Squad structure: 3 squads of 4 engineers each (mix of India and U.S. engineers in each squad), each owning a product surface. Squads had their own Linear board, their own weekly sync, and their own sprint goals. The Head of Engineering reviewed all 3 squads' weekly output.

Result: The Head of Engineering could review 12 engineers' output in 90 minutes per week. Without domain ownership, the same oversight of 12 engineers would require 6+ hours.


The Runway Math

Factor Without India Team With India Team
Monthly engineering/ops cost $154,000 $51,000
Annual savings - $1,224,000
Monthly burn rate $1,800,000 $1,698,000
Months to Series C metrics 24 24
Runway at Series C raise 6 months 20+ months

The 14-month runway extension changed the fundraising dynamic entirely. The company raised Series C at a $210M pre-money valuation - 40% higher than comparable raises in their sector - partly because their burn efficiency metrics were exceptional.

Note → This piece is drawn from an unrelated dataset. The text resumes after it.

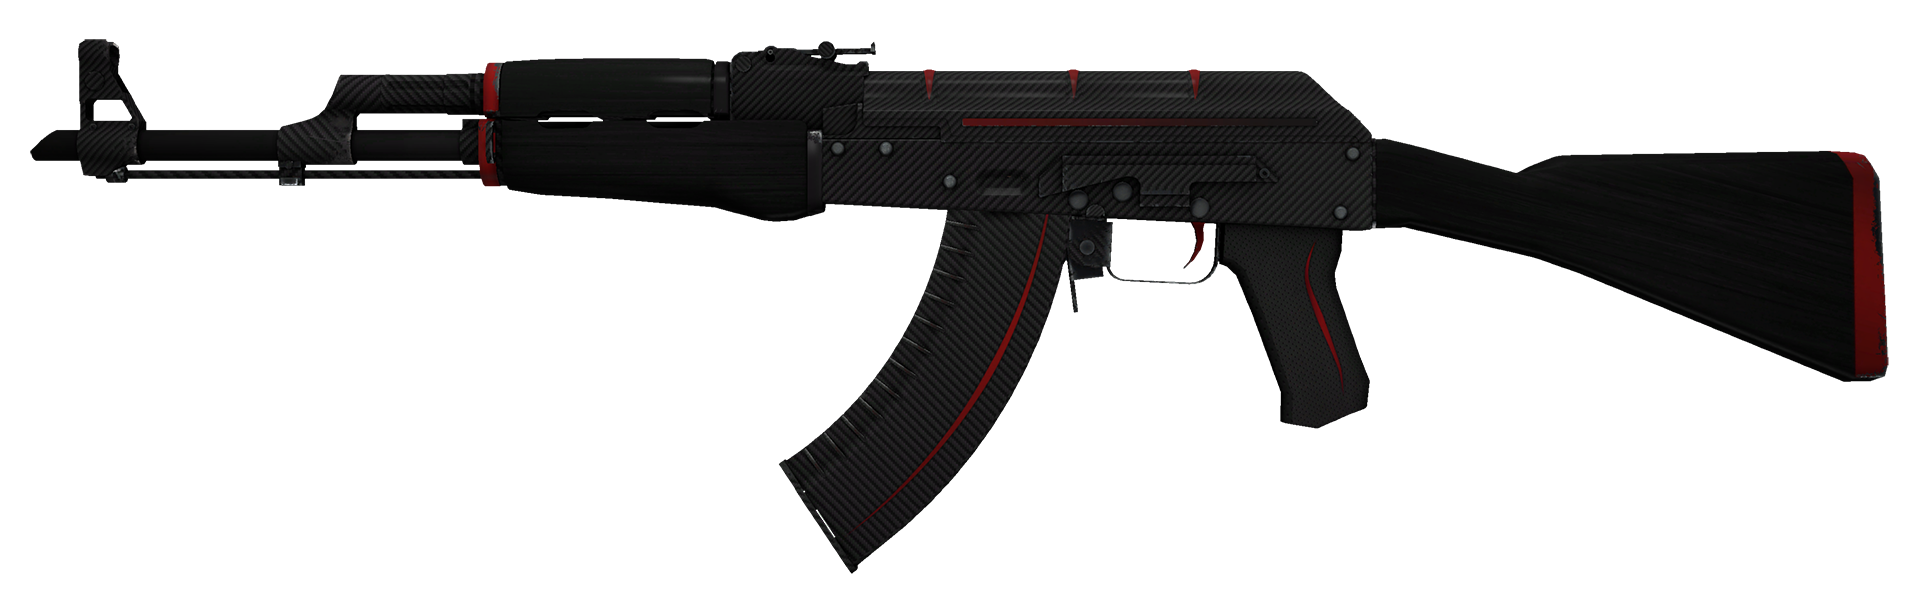 AK-47 Redline Large Rendering
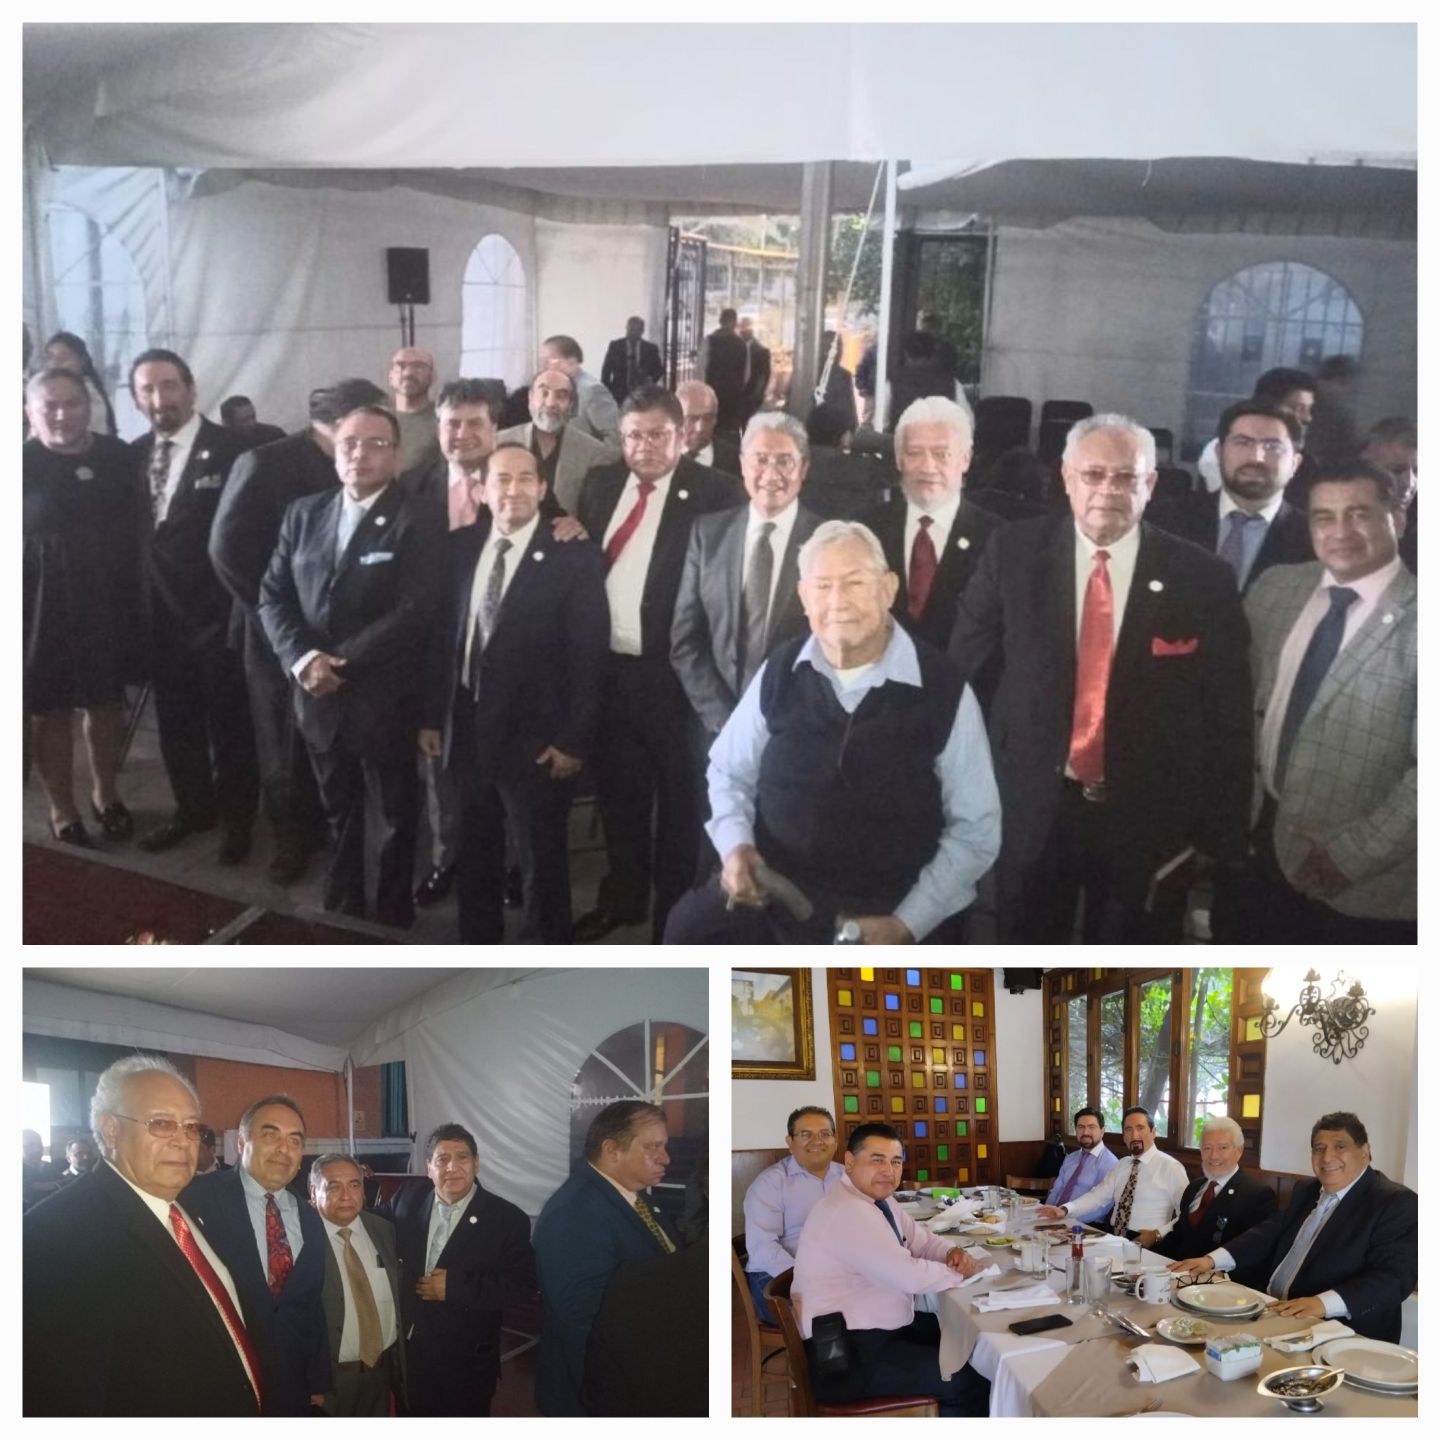 Grandes juristas asistieron a la exposicion del General Brigadier en el Palacio de Justicia de Texcoco

The CFO's comment in the Series C announcement: "We built a world-class product team at 30 cents on the dollar. That's not a cost story - that's a leverage story."

Build your distributed engineering team through F5 or contact F5 to discuss your company's remote team strategy.


Frequently Asked Questions

How much did the 12-person India team save per year? $1,224,000 in Year 1 versus U.S. equivalent headcount.

What roles were hired from India? 8 software engineers, 2 data engineers, 1 DevOps engineer, 1 operations analyst - built in 4 cohorts of 3 over 18 months.

What was the runway extension? 14 months of additional runway over 24 months, enabling a Series C raise from strength rather than necessity.

How did they manage 12 remote engineers? Domain ownership model - each engineer owned a product surface, not a task queue. 3 squads of 4 with weekly syncs.

How was code quality maintained? Branch protection, PR review checklists, weekly architecture discussions. India engineers' quality scores indistinguishable from U.S. engineers after month 3.

What was the cohort build approach? 4 cohorts of 3, spaced 4-5 months apart. Each cohort fully integrated before the next started.

What surprised leadership most? Zero voluntary attrition in 18 months across 12 India team members - attributed to domain ownership, sprint inclusion, and being treated identically to U.S. team members.